Verbalisant [verbalisant] heeft volgens het daarvan opgemaakte
proces-verbaal van bevindingen (camerabeelden [verdachte] incident 2)het volgende gerelateerd, zakelijk weergegeven:
Afb. 08, 14/07/2021, Tijdstip onbekend (Camera Getuige (IMG_ [bestandsnaam] ))
[medeverdachte 6] sprong op slachtoffer [slachtoffer 5] die ten val kwam. [medeverdachte 2] schopte hem terwijl hij lag. [verdachte] stond achter [medeverdachte 6] en zette aan richting [slachtoffer 5] . [verdachte] was op dit beeld steeds net buiten beeld.
Afb. 09, 14/07/2021, Tijdstip onbekend (Camera Getuige (VID- [bestandsnaam] ))
[verdachte] stond bij slachtoffer [slachtoffer 5] waar [medeverdachte 2] aan de andere kant van stond. [medeverdachte 2] haalde uit met zijn rechterbeen. [verdachte] deed eenzelfde aanzet. Het been van [medeverdachte 2] ging naar achteren en op hetzelfde moment draaide [slachtoffer 5] zich naar [verdachte] toe. De camera bewoog naar links en zowel [medeverdachte 2] als het slachtoffer [slachtoffer 5] verdwenen uit beeld.
Afb. 10, 14/07/2021, Tijdstip onbekend (Camera Getuige (VID- [bestandsnaam] ))

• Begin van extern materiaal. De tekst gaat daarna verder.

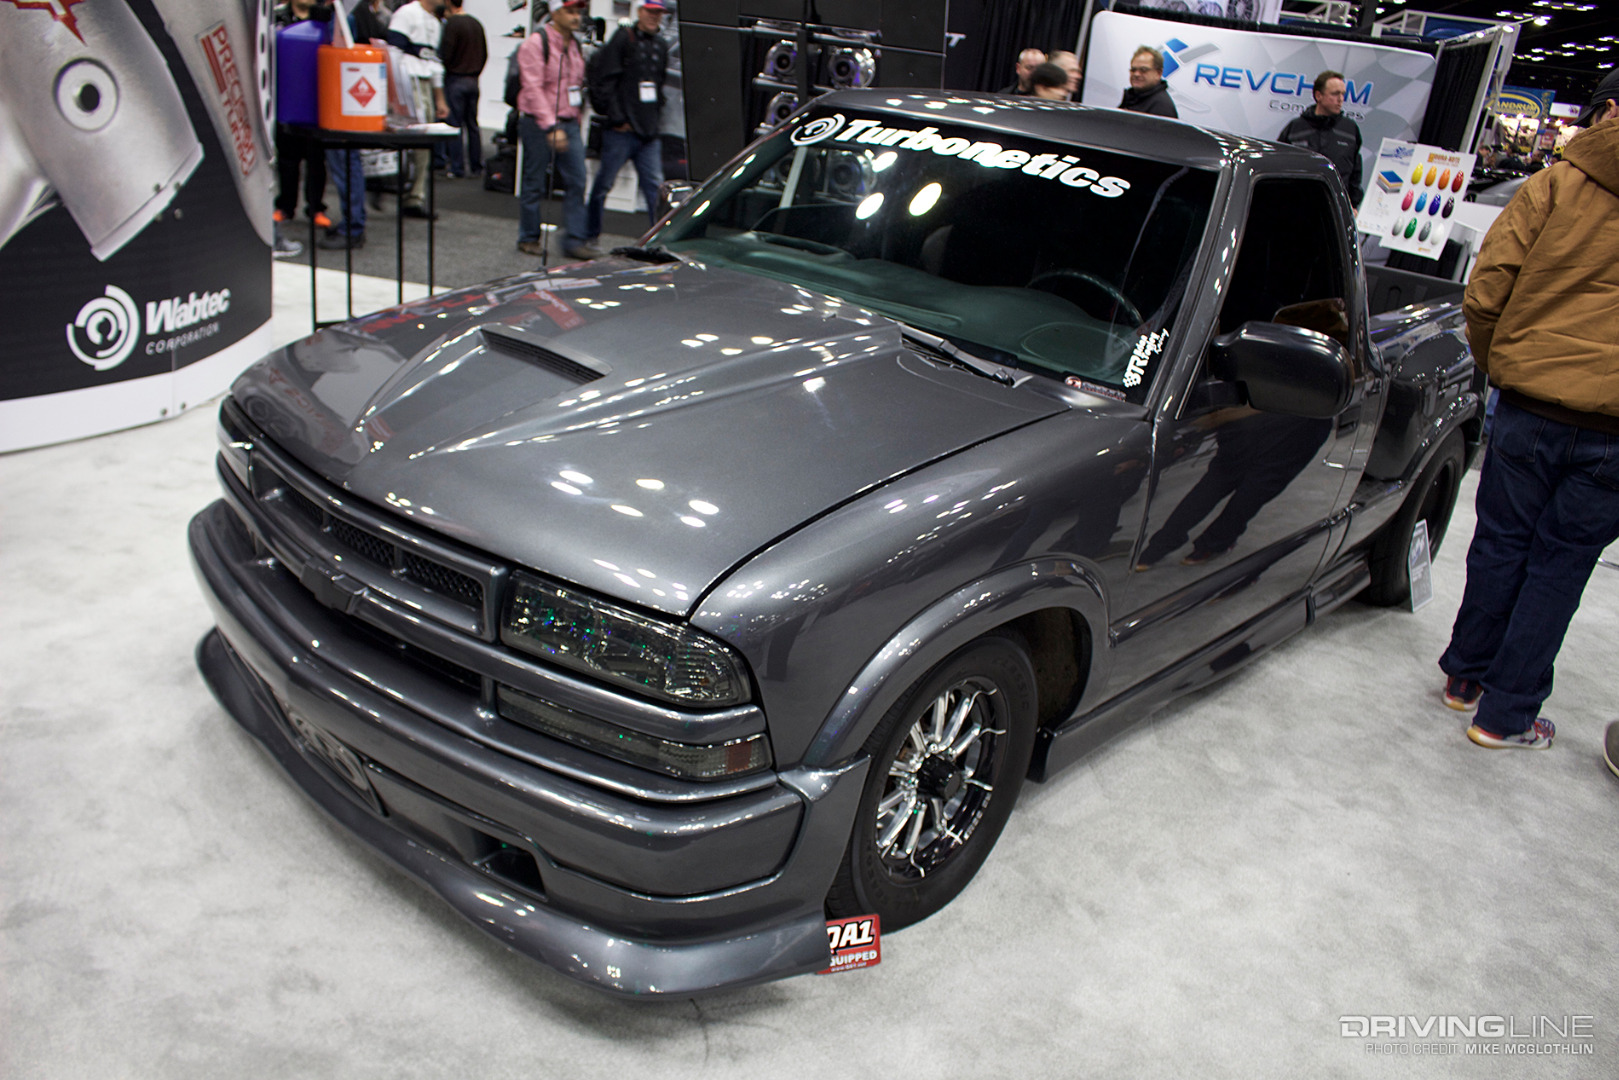 2016 PRI Trade Show: The Fastest of Fast Cars, Part 2

Net voordat [verdachte] ook uit beeld verdween doordat de camera naar links draaide, was
te zien dat [verdachte] ook aanzette en met zijn been richting de plek ging waar [slachtoffer 5] lag.
Afb. 11, 14/07/2021, Tijdstip onbekend (Camera Getuige (VID- [bestandsnaam] ))
De camera draaide terug naar [slachtoffer 5] die nog op de grond lag. [medeverdachte 2] stond bij hem met zijn voet dicht tegen hem aan. [verdachte] trok zijn been terug en stond ook vlak bij [slachtoffer 5] . (het beeld werd bij de volgende frames weer scherp en personen waren te herkennen)
Afb. 12, 14/07/2021, Tijdstip onbekend (Camera Getuige (VlD- [bestandsnaam] ))
[verdachte] trok zijn been terug en draaide zich om. [medeverdachte 2] stapte over en langs [slachtoffer 5] die roerloos op de grond bleef liggen. [verdachte] volgde [medeverdachte 2] een stukje en ging toen naar links in de richting van waar [medeverdachte 6] en [medeverdachte 3] slachtoffer [slachtoffer 2] belaagden.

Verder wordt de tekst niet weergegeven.